Le peintre Douglas E. Welch a composé un tableau qui a retenu l’attention des médias. Le thème des feuilles rouges piquetées des larmes d’automne a été décliné en plusieurs objets de décoration .Devenu un motif pour vêtement, pour divers produits du quotidien, les textiles ont repris le motif et il existe des couvertures et des couvre-lits, des rideaux qui arborent ce motif à la fois inspirant et apaisant.

© Redbubble.com – red leaves of liquidambar in autumn by Douglas E Welch
Ses qualités esthétiques font que les jardiniers n’hésitent pas à planter un liquidambar aux côtés d’un érable du Japon, d’un chêne rouge et d’un tilleul et de laisser l’automne se mettre à voltiger dans des couleurs graduées.
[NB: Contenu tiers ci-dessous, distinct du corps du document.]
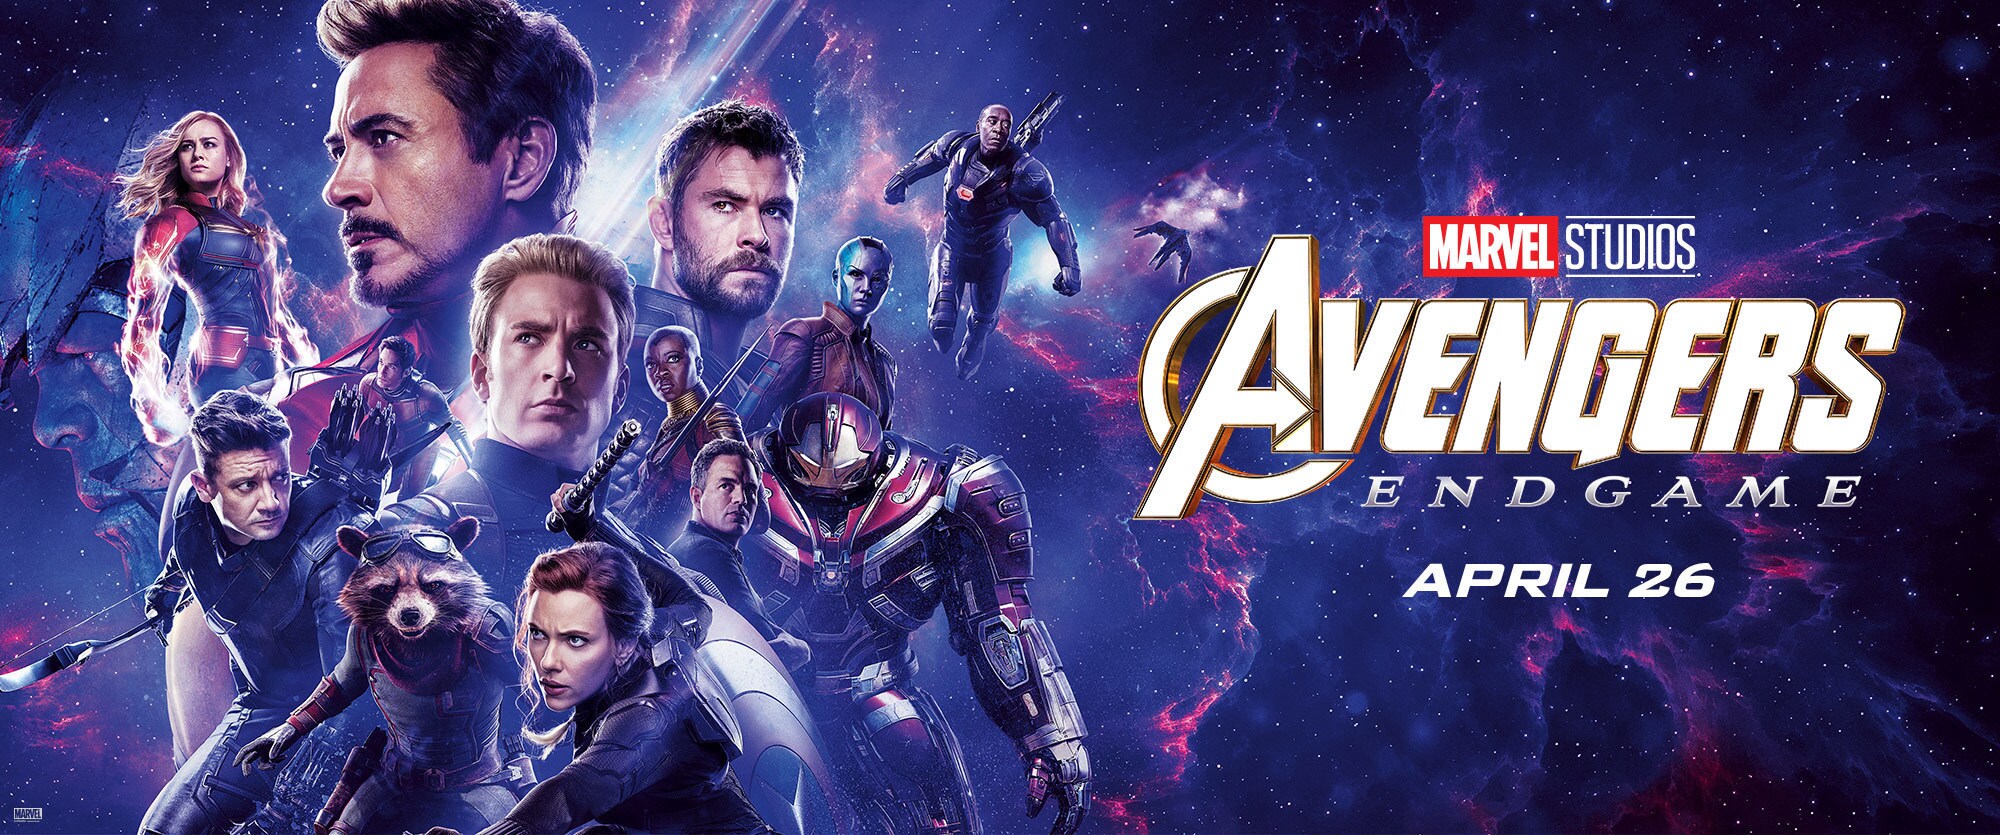 Avengers: Endgame_Movie Page_Hero Banner2

Le liquidambar est très populaire chez les paysagistes. Tout son charme vient de ses couleurs automnales.
Quand il revêt ses habits d’automne, nous sommes invités au défilé de sa collection.
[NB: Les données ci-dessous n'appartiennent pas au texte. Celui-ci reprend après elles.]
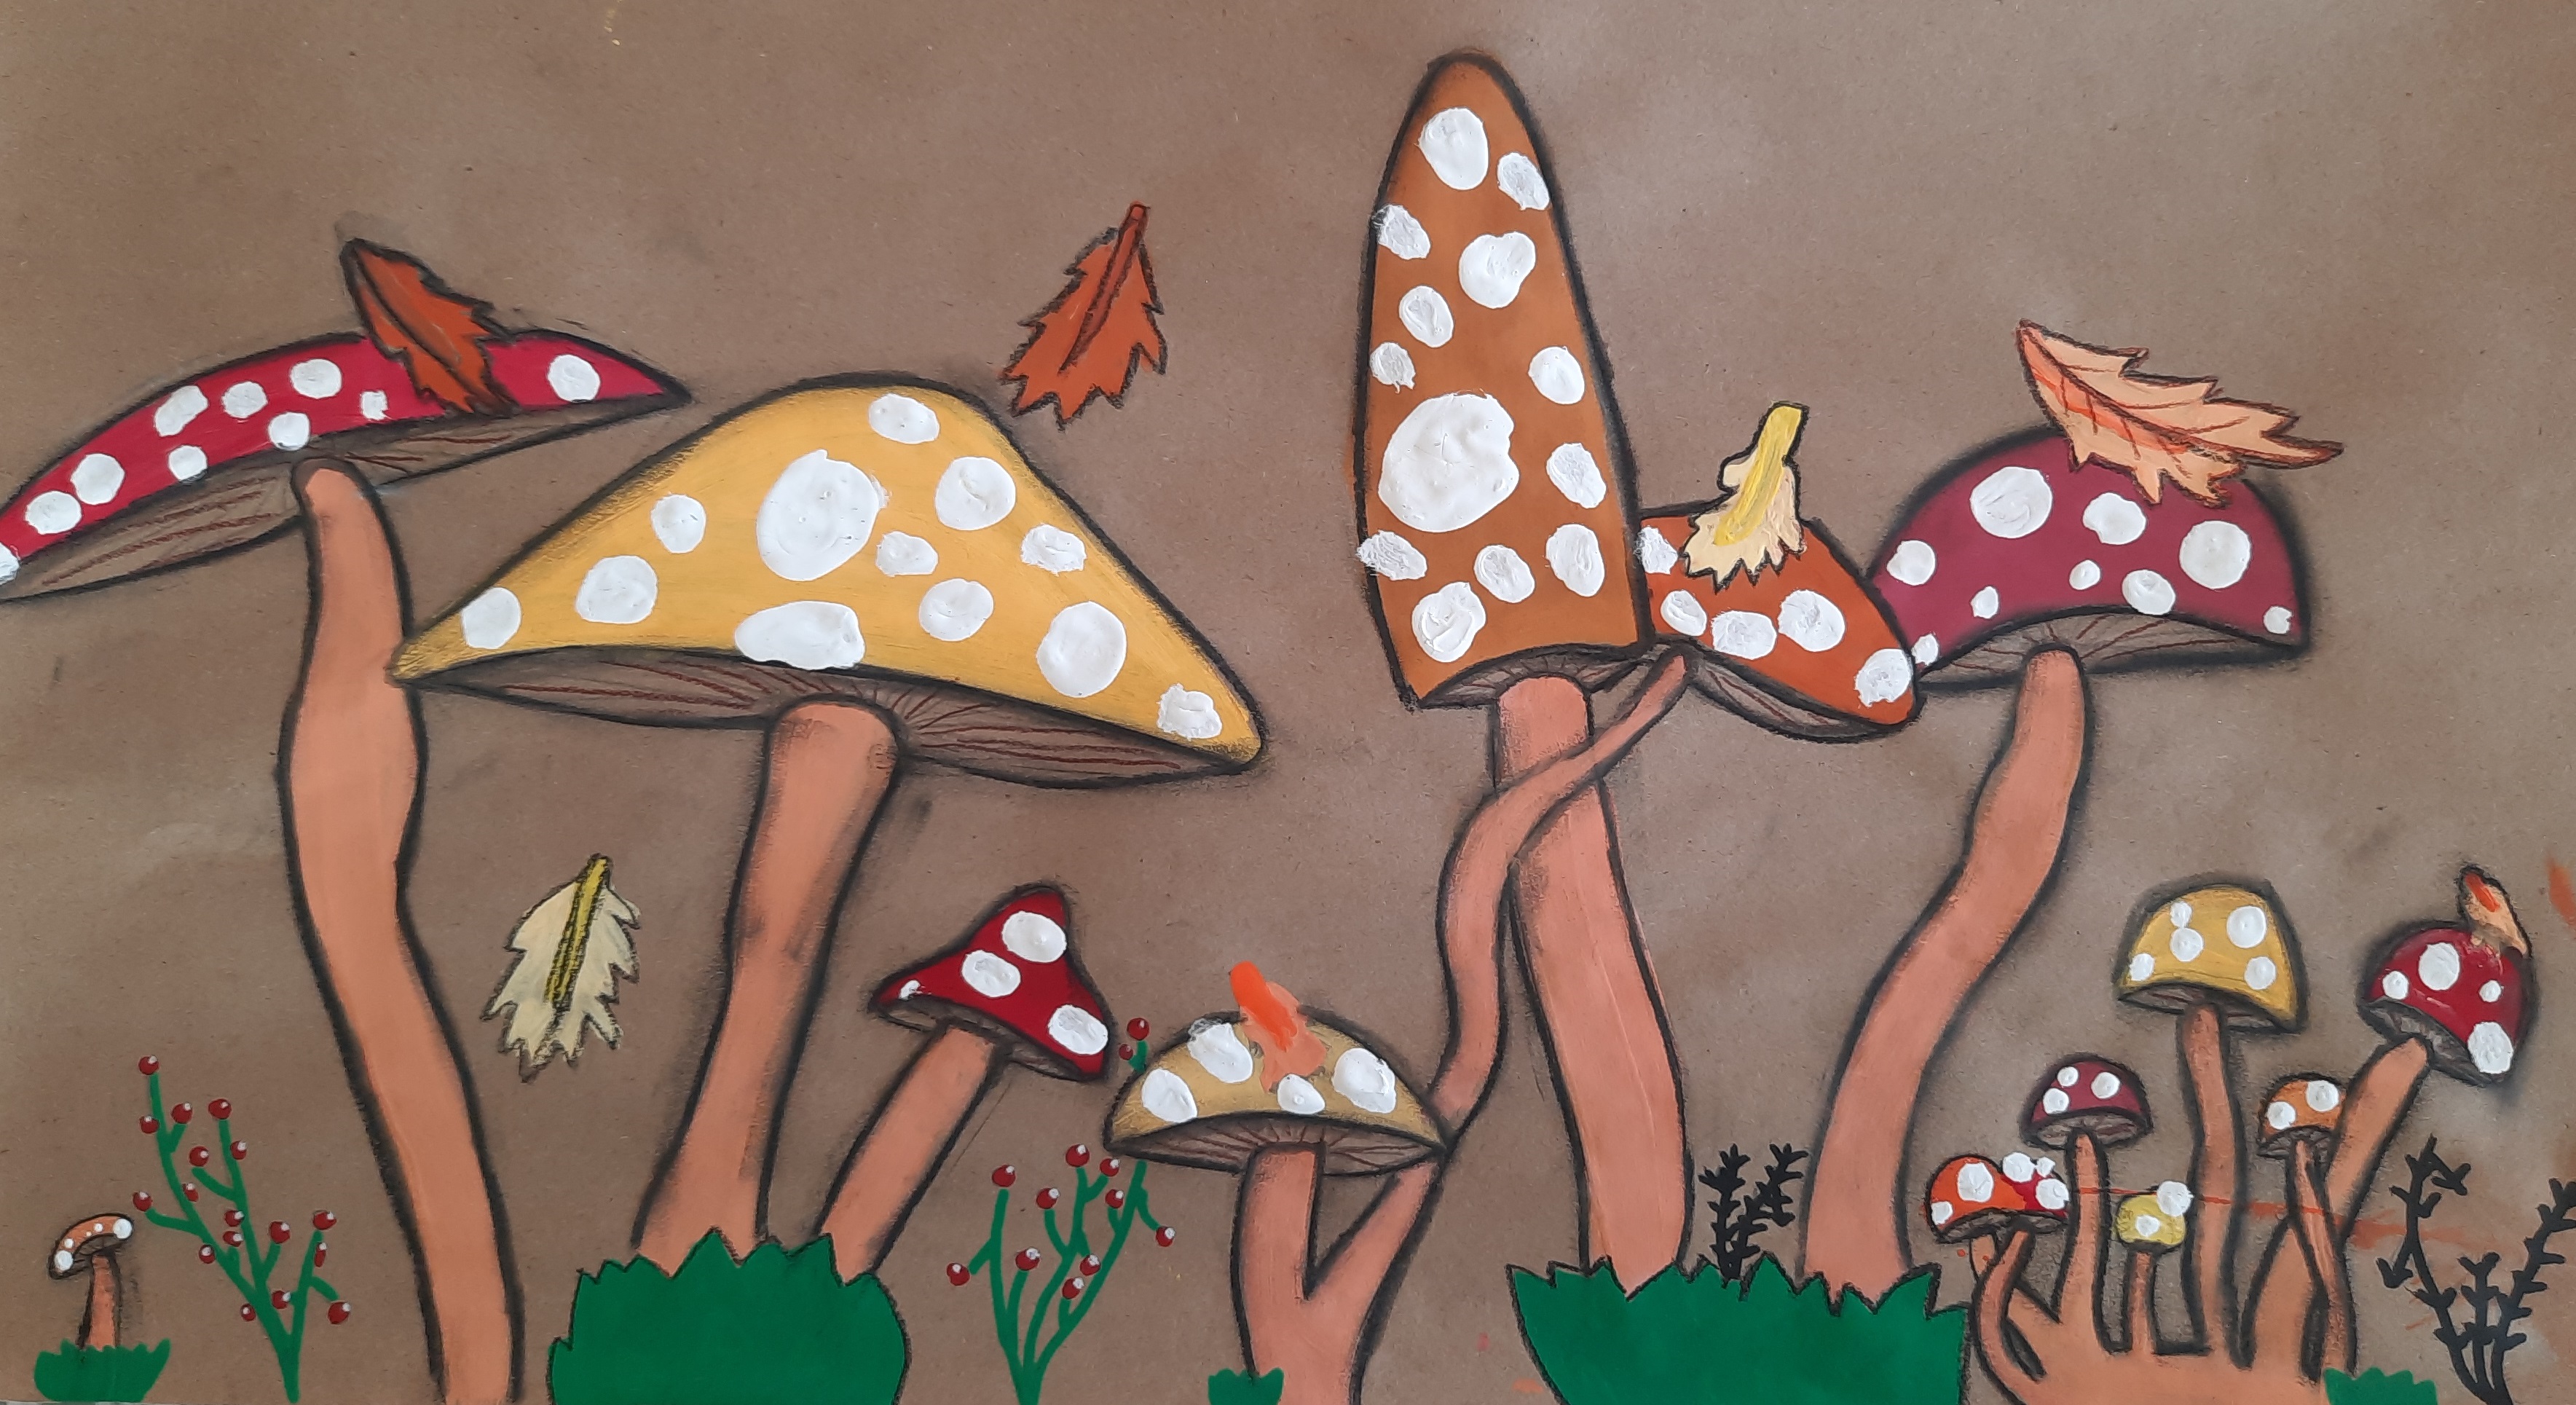 How to Paint Mushroom Rocks That's Super Simple

Du rose cendré au rouge pourpré avec un jeu de camaïeu de rouge orangé, une sauvage offrande s’intensifie et se présente à nous. C’est la nature ardente qui se révèle, celle de la déesse Artémis sous les traits desquels la nymphe Syrinx se cache pour échapper à la poursuite du dieu Pan. Elle y parvient en se changeant en bouquet de roseaux que le dieu Pan serre dans ses bras en disant :
" C’est comme si j’entends ta voix à travers les roseaux. Pour moi, ces plantes seront le moyen de te parler toujours. »
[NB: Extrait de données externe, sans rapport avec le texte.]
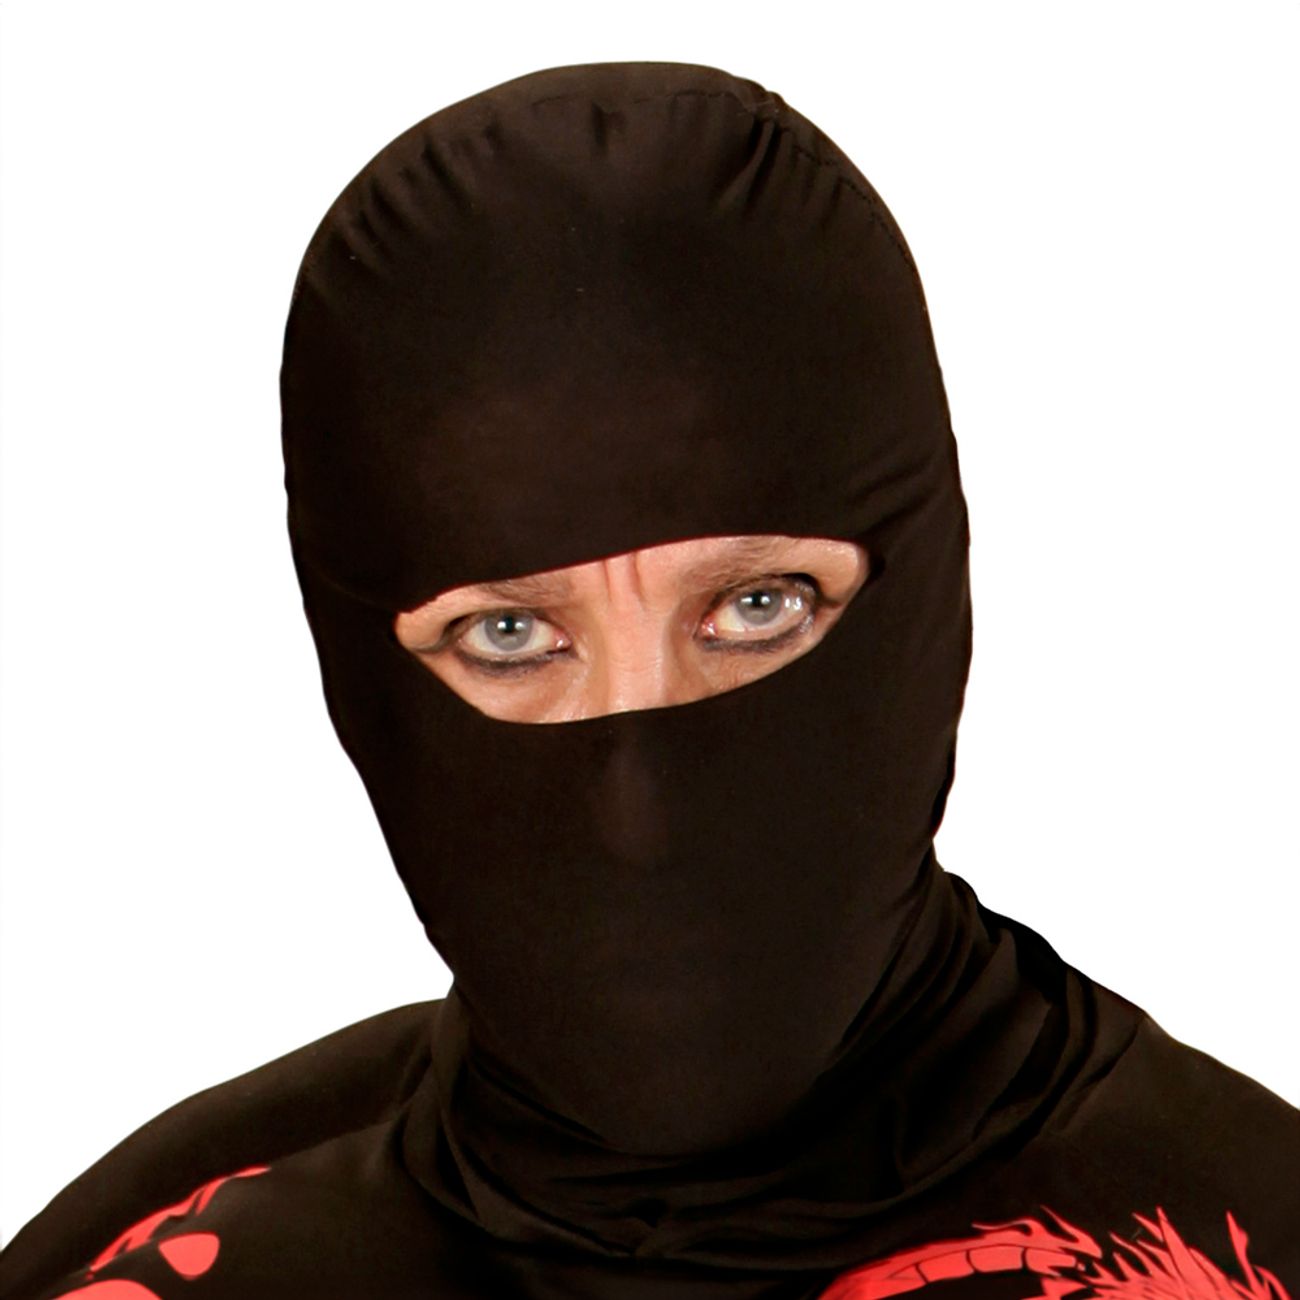 ninja-svart-mask-32950-2

Il fabrique donc un instrument en reliant les roseaux et en les faisant tenir ensemble avec de la cire d’abeille. Même s’il existe d’autres versions, Claude Debussy retient du mythe la douleur de Pan qui en s’exhalant fait vibrer les tiges de roseaux. Le dieu Pan voit ainsi le moyen de communiquer avec celle qui s’est transformée en roseau. Les feuilles d’automne en tombant portent cette douleur mélancolique.
Le syrinx est un instrument de musique, une flûte de pan pour lequel Debussy compose son morceau : le syrinx.
Debussy était fasciné par la mythologie grecque. Il se souvient qu’Ovide raconte dans « Les métamorphoses », l’histoire de la nymphe Syrinx aux prises avec le dieu Pan.
Debussy s’échappe des codes habituels de la composition musicale pour nous faire partager les bruissements d’une légende mythique et la richesse des sonorités que peut contenir une flûte seule.
La mélodie dégage un mystère sylvestre, des pépiements, des râles de branches, une nature en pleine métamorphose, un appel continu avec des silences, des temps lents comme de brusques phrases longues et fluides (ce qui requiert du souffle pour celui qui interprète le morceau.) La maîtrise des crescendos et des reprises de certaines notes dégagent de fortes émotions comme si on entendait une conversation intime.
La musique qui ne dure que quelques minutes est pourtant riche en signes subliminaux. On croit entendre un dialogue bref mais intense entre deux personnes qui s’expliquent avec peine.
C’est l’automne, mon âme, où pourrais-je fuir ?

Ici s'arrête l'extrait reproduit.